Violence continues to be directed at Kosovo's dwindling Serbian community. The last Serbian paediatrician said to be working in Pristina was shot while treating patients in his town-centre clinic, and is reported to be critically injured. Zlatoje Gligorijevic was taken to a Pristina hospital with injuries to his kidneys, spleen and stomach. British K-For troops in Pristina are reported to have started a "granny patrol" intended to help to stop the spate of attacks against elderly Serbian women in Kosovo.

Fewer than 50,000 Serbs remain in Kosovo, whose pre-war Serb population was estimated to be 200,000. The largest number remain in the northern part of Kosovska Mitrovica (20,000), the southeastern Gnjilane area (10,000), in a Serbian ghetto in the southwestern Kosovo city of Orahovac (3,000), and in Pristina (1,000).

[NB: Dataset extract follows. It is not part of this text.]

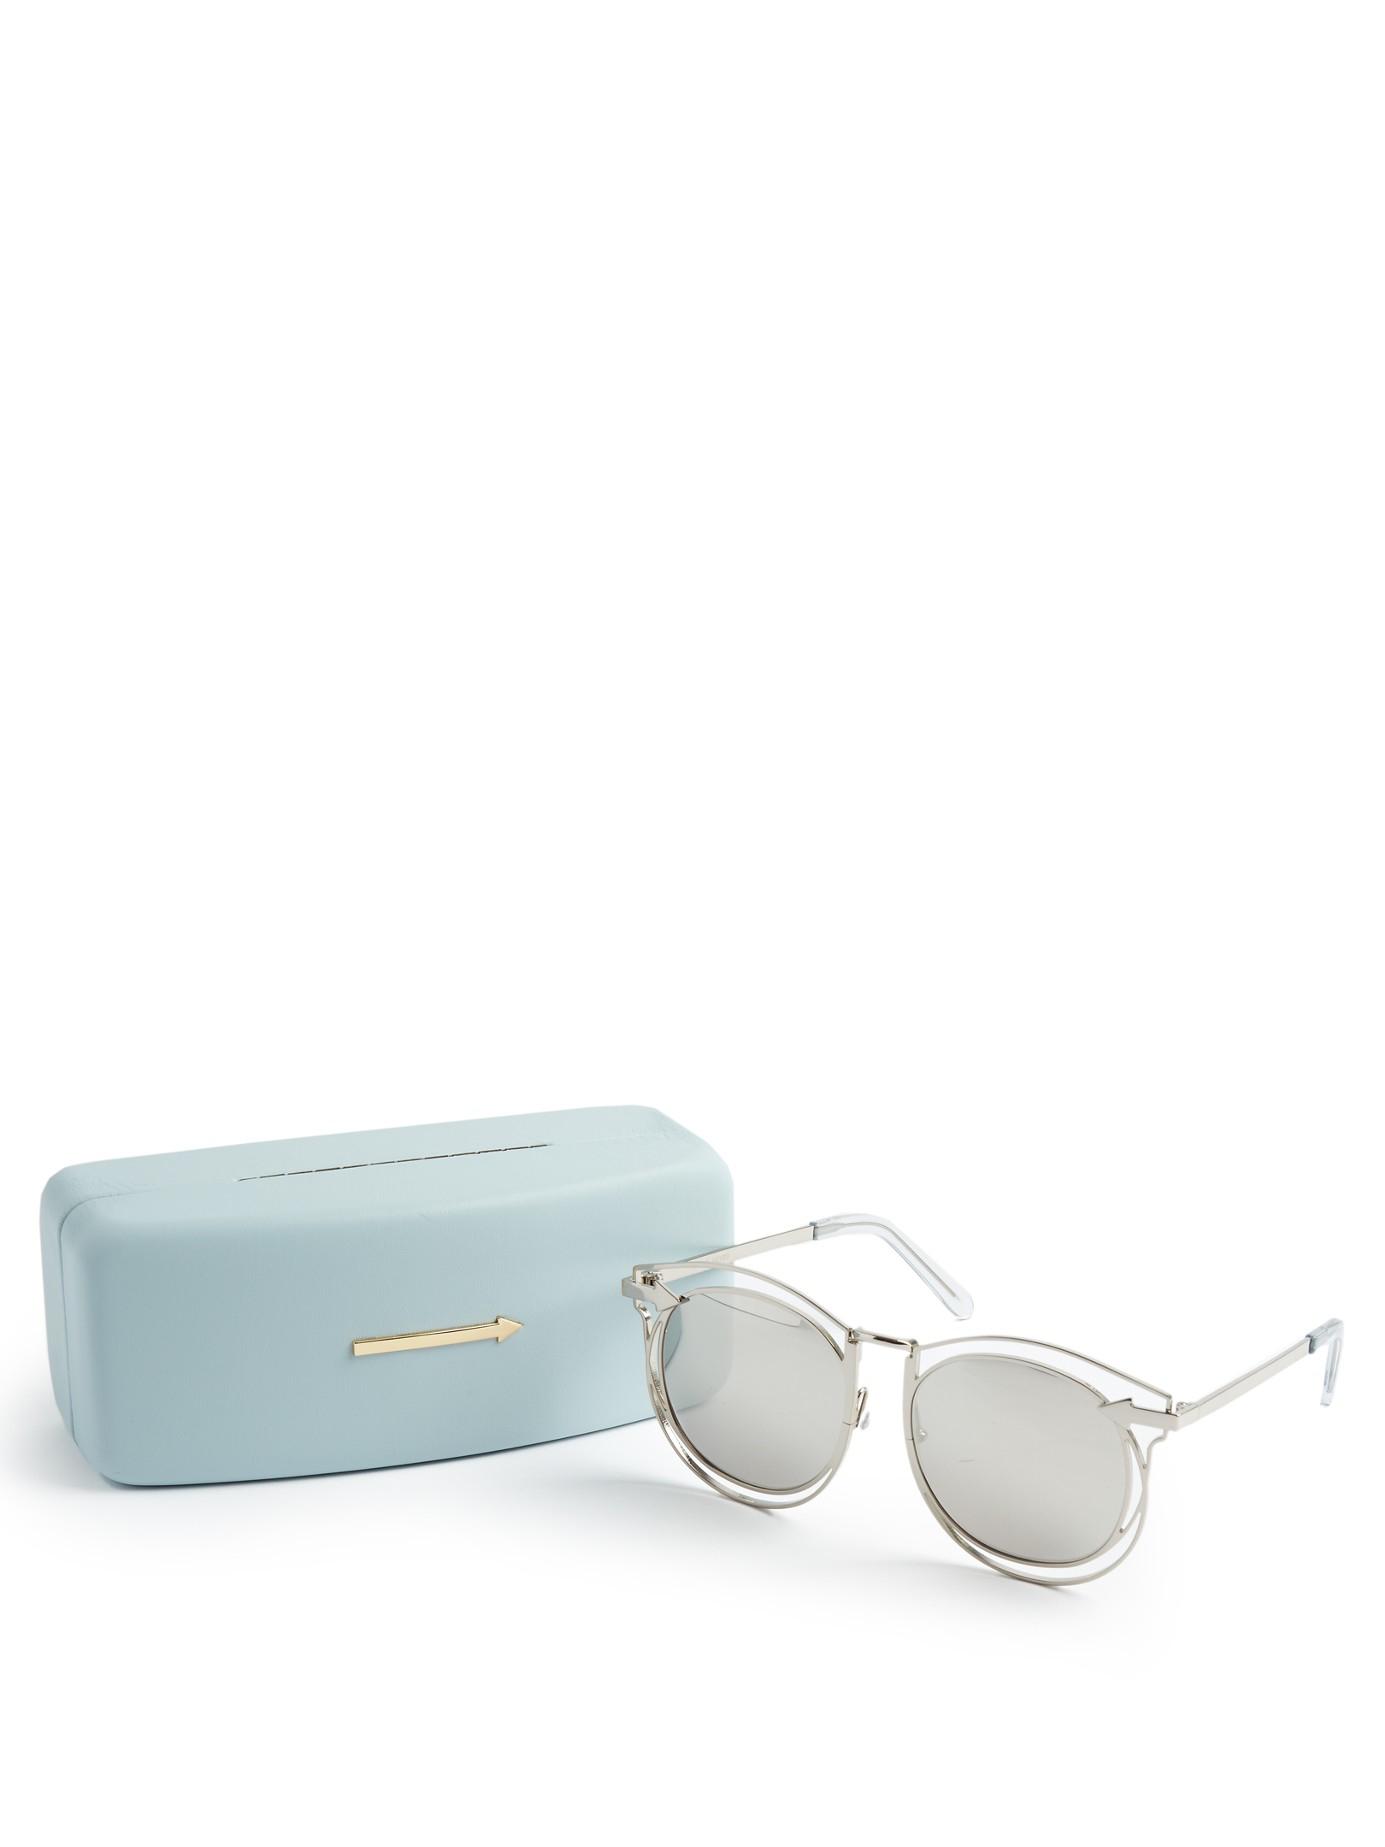 Karen Walker Simone Round-frame Sunglasses in Silver (Metallic)

In the Serbian capital, Belgrade, the Yugoslav President, Slobodan Milosevic, warned against Serbian traitors destroying the country, while urging Serbian diaspora members to invest in the reconstruction of their homeland.

"It would be sad if the long hand of the evil inflicted by Nato on our country were a hand of our citizens," he told those gathered for the three- day Diaspora '99 meeting.

While Mr Milosevic tried to gain support and funds from the diaspora, the head of the Serbian Orthodox Church embarked on an ambitious schedule of meetings with the political opposition.

Yesterday Patriarch Pavle was due to meet Mladjan Dinkic, the co-ordinator of the Group of 17, which has proposed that Mr Milosevic step down, to be replaced by a provisional government made up of technocrats, economists, and other experts. Patriarch Pavle was also expected to meet Zoran Djindjic and Vuk Draskovic, leaders of two opposition political parties.